#### EXERCISE INPUT
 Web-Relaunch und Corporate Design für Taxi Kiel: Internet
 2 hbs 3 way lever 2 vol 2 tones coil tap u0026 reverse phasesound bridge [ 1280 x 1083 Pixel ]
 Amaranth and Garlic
---
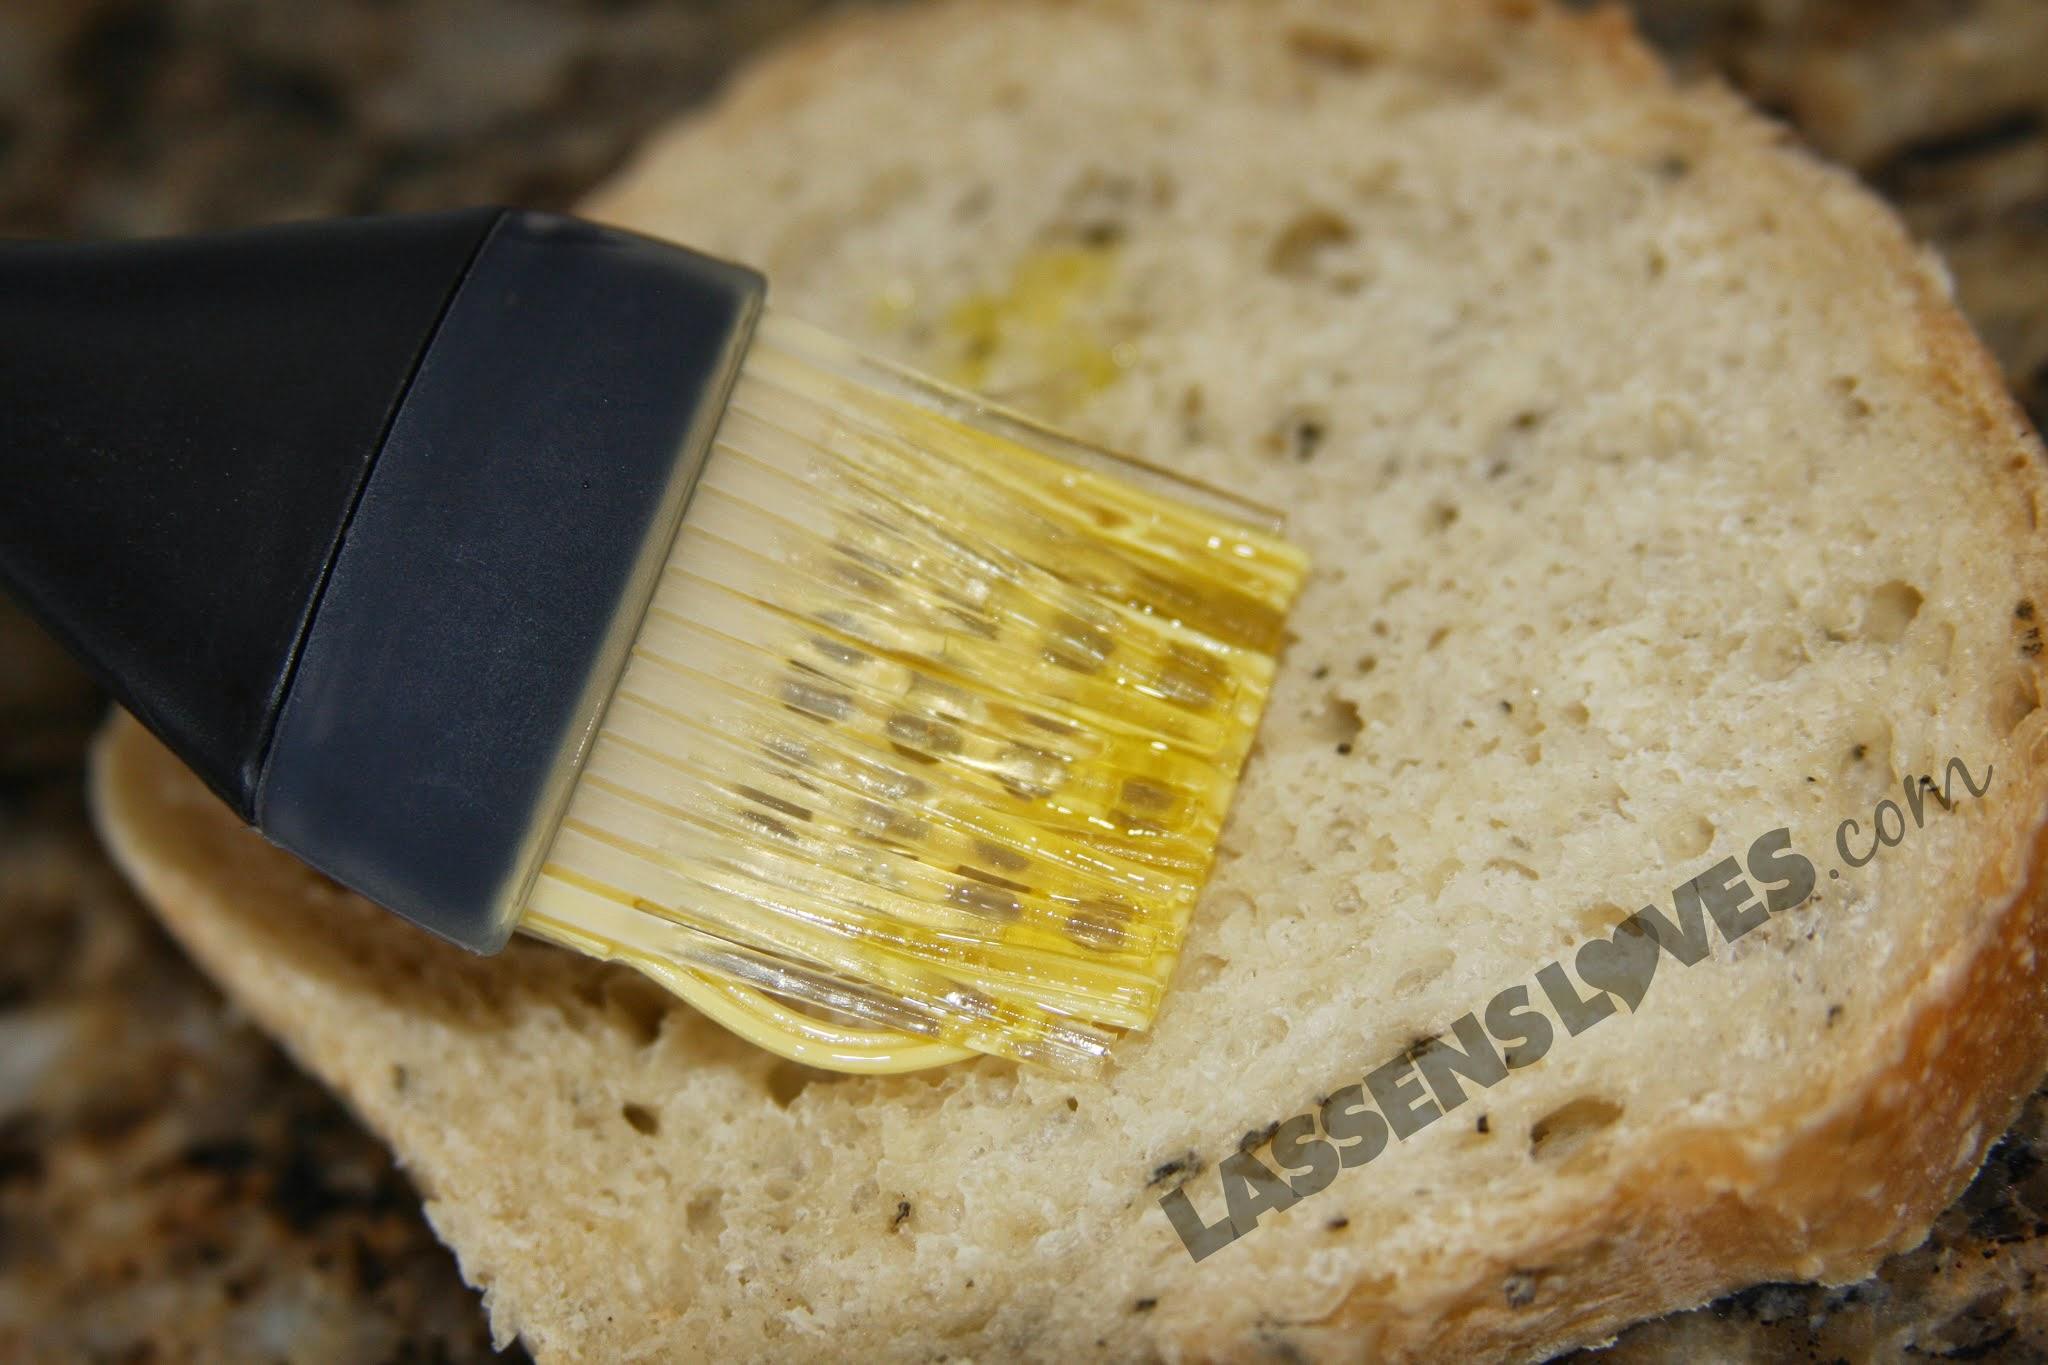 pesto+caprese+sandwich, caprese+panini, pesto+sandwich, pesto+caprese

#### EXERCISE DIRECTIONS
For the lines above, output exactly those from the line containing "Web-Relaunch und Corporate" through the line containing "Amaranth and Garlic", and skip the others.

#### WRITTEN SOLUTION
 Web-Relaunch und Corporate Design für Taxi Kiel: Internet
 2 hbs 3 way lever 2 vol 2 tones coil tap u0026 reverse phasesound bridge [ 1280 x 1083 Pixel ]
 Amaranth and Garlic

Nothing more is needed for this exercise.